◆ **Your goal**: One number is the full answer: how many lines in the records contain the word "Bank"?

Input START

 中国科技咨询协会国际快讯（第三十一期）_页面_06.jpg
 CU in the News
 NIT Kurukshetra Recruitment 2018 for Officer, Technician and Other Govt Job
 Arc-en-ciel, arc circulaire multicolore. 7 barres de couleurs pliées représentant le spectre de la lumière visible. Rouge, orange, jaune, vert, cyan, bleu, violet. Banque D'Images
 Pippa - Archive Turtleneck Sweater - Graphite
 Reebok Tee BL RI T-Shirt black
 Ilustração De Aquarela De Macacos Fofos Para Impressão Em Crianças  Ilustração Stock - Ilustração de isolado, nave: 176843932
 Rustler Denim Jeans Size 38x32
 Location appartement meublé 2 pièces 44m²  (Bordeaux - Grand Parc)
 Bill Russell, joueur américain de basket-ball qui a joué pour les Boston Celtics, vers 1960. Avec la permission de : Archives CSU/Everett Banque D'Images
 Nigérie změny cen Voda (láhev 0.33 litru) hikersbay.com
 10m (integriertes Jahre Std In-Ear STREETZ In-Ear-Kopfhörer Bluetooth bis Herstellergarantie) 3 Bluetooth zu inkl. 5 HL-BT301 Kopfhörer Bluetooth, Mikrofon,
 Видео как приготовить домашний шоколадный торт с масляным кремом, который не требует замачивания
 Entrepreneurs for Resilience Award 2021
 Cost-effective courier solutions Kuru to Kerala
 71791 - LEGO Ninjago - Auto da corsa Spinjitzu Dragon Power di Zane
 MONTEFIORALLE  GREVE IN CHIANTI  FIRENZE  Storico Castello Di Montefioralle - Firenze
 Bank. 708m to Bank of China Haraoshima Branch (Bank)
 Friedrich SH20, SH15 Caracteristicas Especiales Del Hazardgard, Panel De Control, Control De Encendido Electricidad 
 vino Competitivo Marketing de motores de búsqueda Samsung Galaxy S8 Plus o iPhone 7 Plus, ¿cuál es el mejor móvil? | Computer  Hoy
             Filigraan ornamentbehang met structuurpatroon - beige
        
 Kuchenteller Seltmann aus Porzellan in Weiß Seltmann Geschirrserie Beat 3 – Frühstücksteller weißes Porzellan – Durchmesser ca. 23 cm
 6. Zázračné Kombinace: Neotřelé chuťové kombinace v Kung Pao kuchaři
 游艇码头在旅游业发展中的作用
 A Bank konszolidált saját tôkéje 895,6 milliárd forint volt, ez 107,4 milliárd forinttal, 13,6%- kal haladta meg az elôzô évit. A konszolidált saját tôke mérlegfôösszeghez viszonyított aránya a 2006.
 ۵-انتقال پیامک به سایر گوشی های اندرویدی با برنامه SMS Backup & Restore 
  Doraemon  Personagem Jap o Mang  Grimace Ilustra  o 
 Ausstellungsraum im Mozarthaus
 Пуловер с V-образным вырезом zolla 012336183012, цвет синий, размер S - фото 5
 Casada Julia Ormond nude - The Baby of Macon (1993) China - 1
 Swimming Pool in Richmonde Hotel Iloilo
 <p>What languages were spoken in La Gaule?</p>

Input END

◆ **Answer section**: 2